When she finished, Alexander shook himself
out of a reverie.

"Sing `The Harp That Once,' Hilda.
You used to sing it so well."

"Nonsense. Of course I can't really sing,
except the way my mother and grandmother
did before me. Most actresses nowadays
learn to sing properly, so I tried a master;
but he confused me, just!"

Alexander laughed. "All the same, sing it, Hilda."

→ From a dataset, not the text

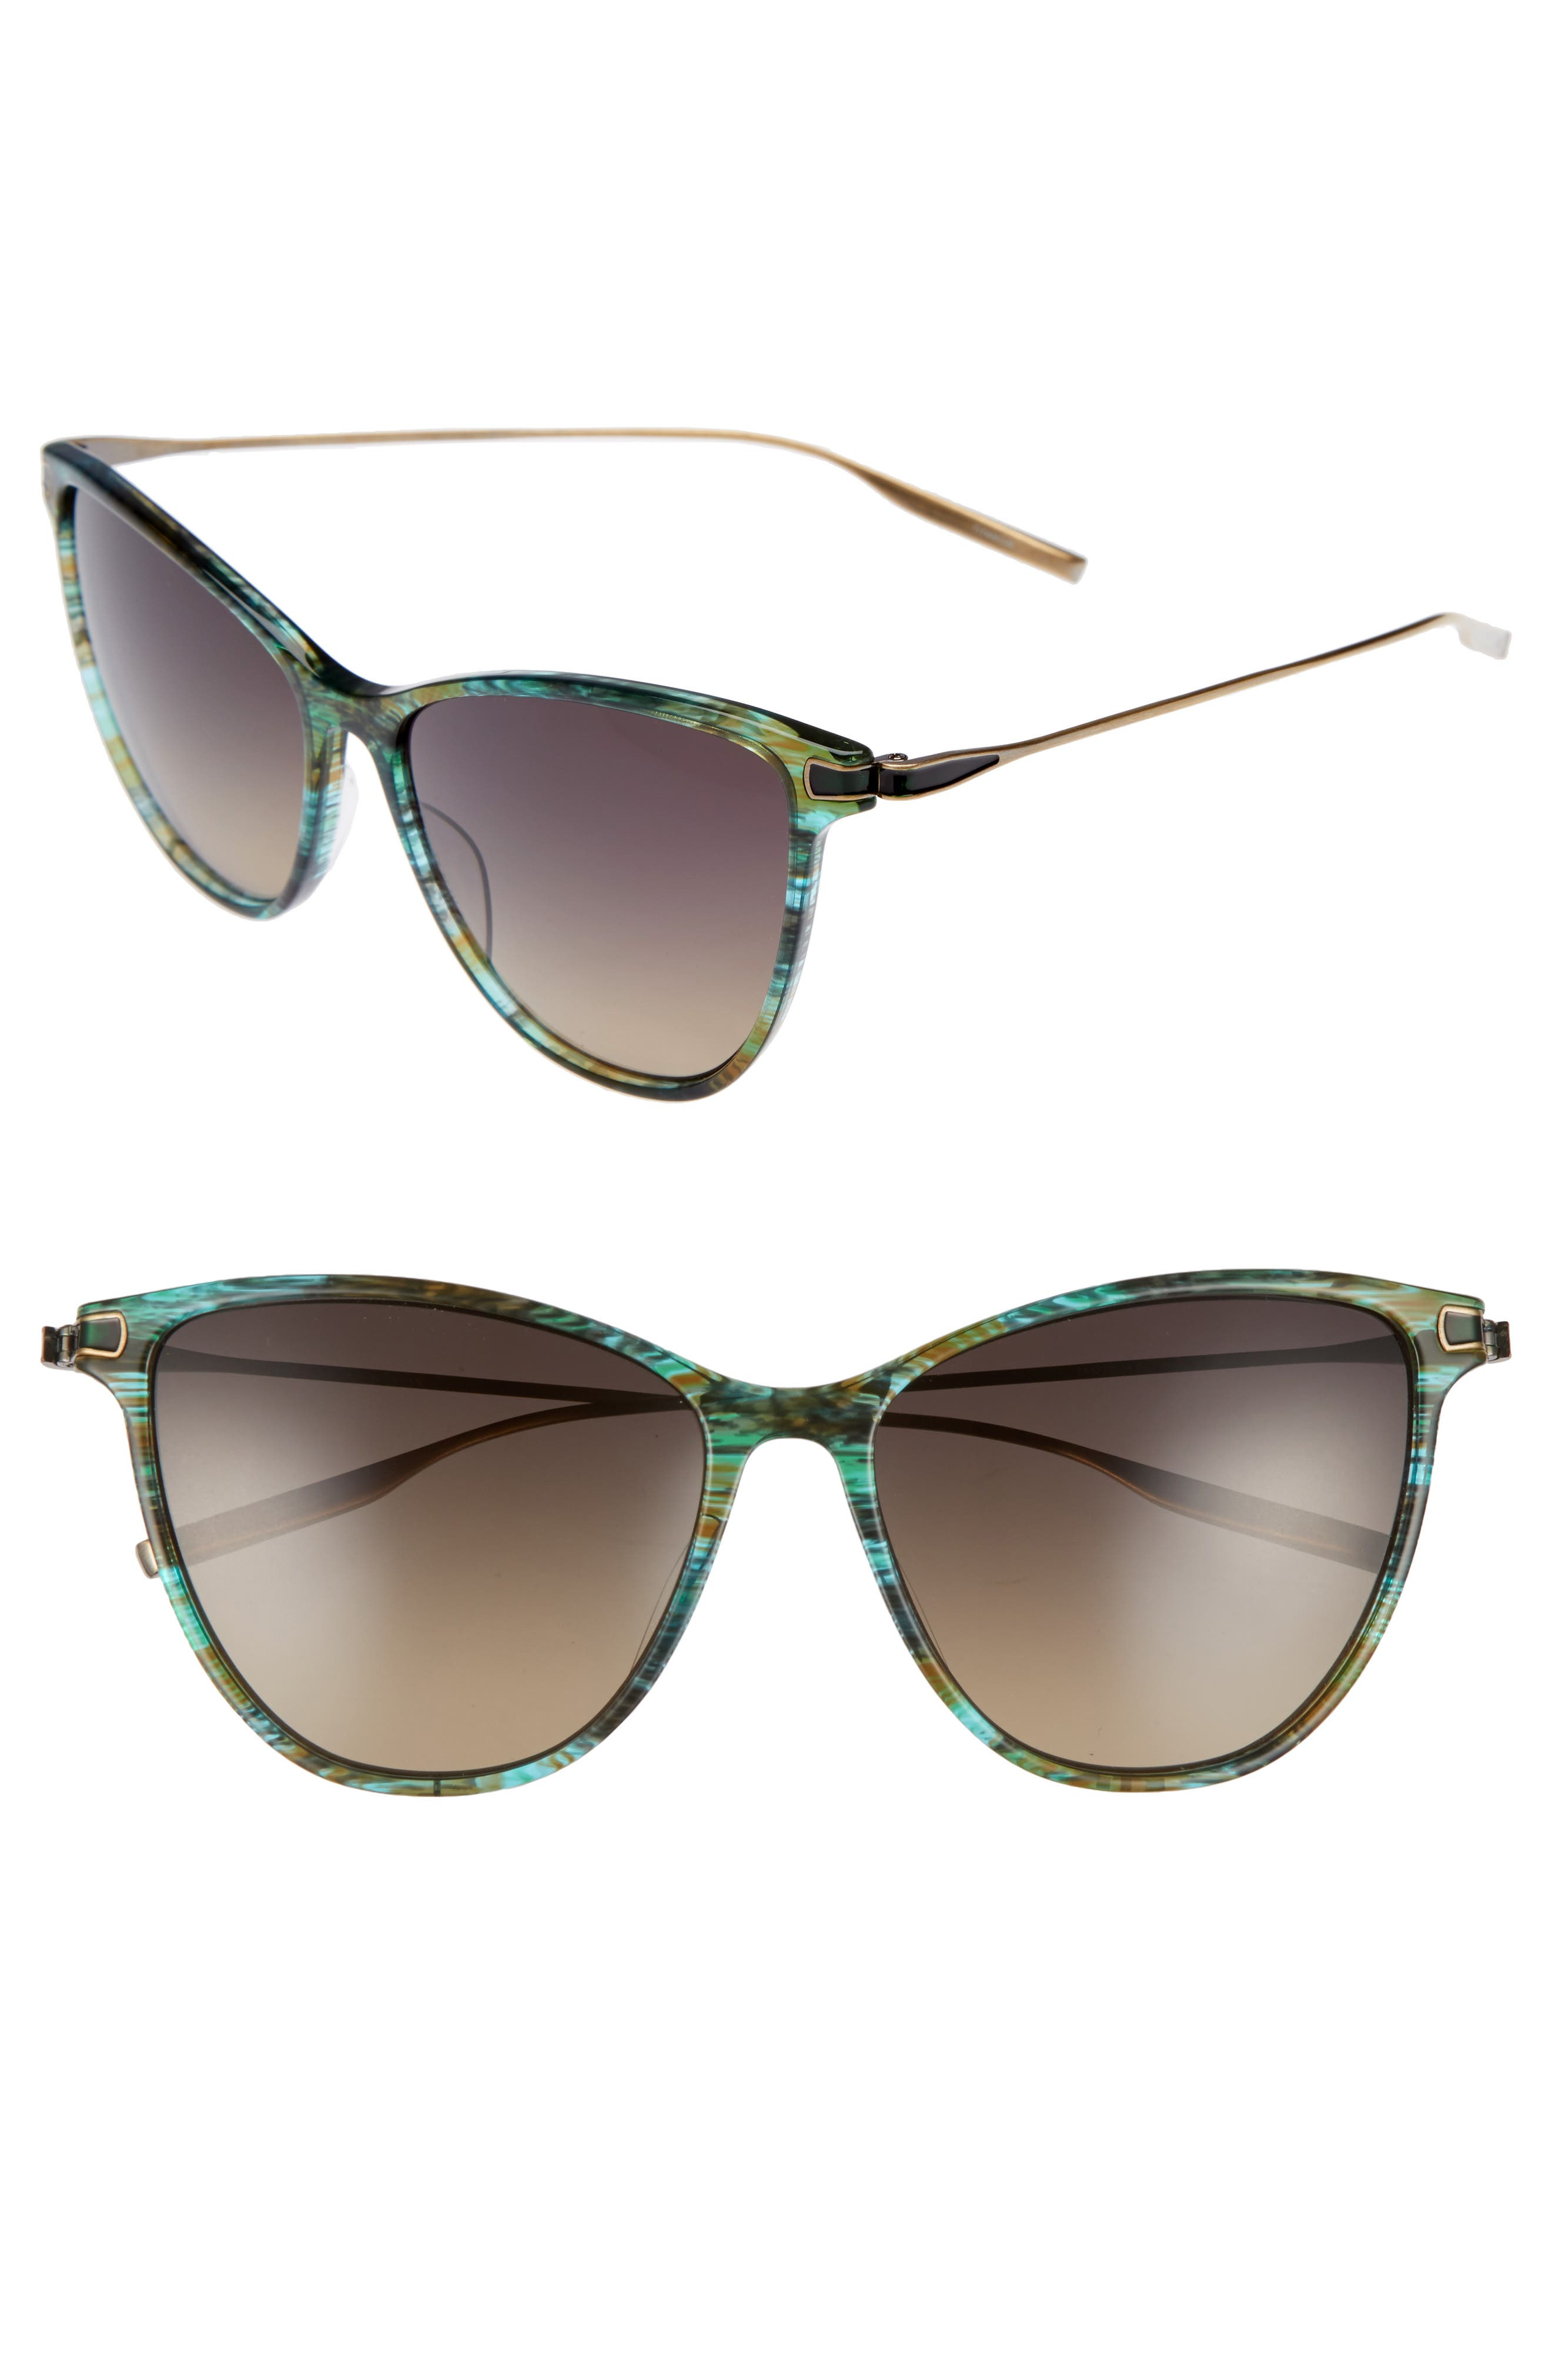 Alternate Image 1 Selected - Salt 58mm Polarized Cat Eye Sunglasses

Hilda started up from the stool and
moved restlessly toward the window.
"It's really too warm in this room to sing.
Don't you feel it?"

Alexander went over and opened the
window for her. "Aren't you afraid to let the
wind low like that on your neck? Can't I get
a scarf or something?"

"Ask a theatre lady if she's afraid of drafts!"
Hilda laughed. "But perhaps, as I'm so warm--
give me your handkerchief. There, just in front."
He slipped the corners carefully under her shoulder-straps.
"There, that will do. It looks like a bib."
She pushed his hand away quickly and stood
looking out into the deserted square.
"Isn't London a tomb on Sunday night?"

Alexander caught the agitation in her voice.
He stood a little behind her, and tried to
steady himself as he said: "It's soft and misty.
See how white the stars are."

For a long time neither Hilda nor Bartley spoke.
They stood close together, looking out
into the wan, watery sky, breathing always
more quickly and lightly, and it seemed as if
all the clocks in the world had stopped.
Suddenly he moved the clenched hand he held
behind him and dropped it violently at
his side. He felt a tremor run through
the slender yellow figure in front of him.

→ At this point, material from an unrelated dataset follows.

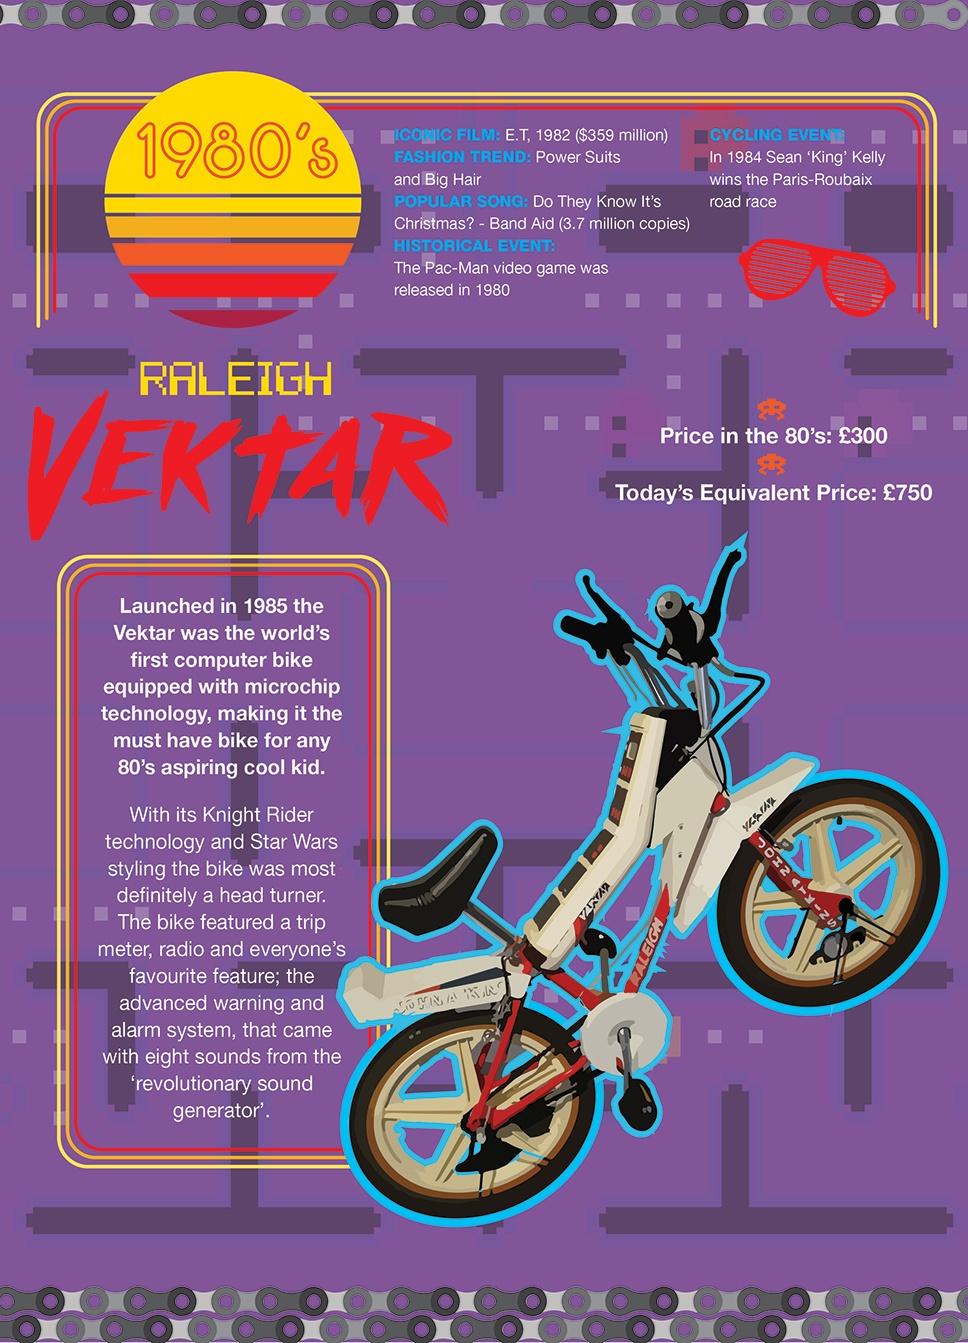 1980s Raleigh Vektar

She caught his handkerchief from her
throat and thrust it at him without turning
round. "Here, take it. You must go now,
Bartley. Good-night."

Bartley leaned over her shoulder, without
touching her, and whispered in her ear:
"You are giving me a chance?"

"Yes. Take it and go. This isn't fair,
you know. Good-night."

Alexander unclenched the two hands at
his sides. With one he threw down the
window and with the other--still standing
behind her--he drew her back against him.

She uttered a little cry, threw her arms
over her head, and drew his face down to hers.
"Are you going to let me love you a little, Bartley?"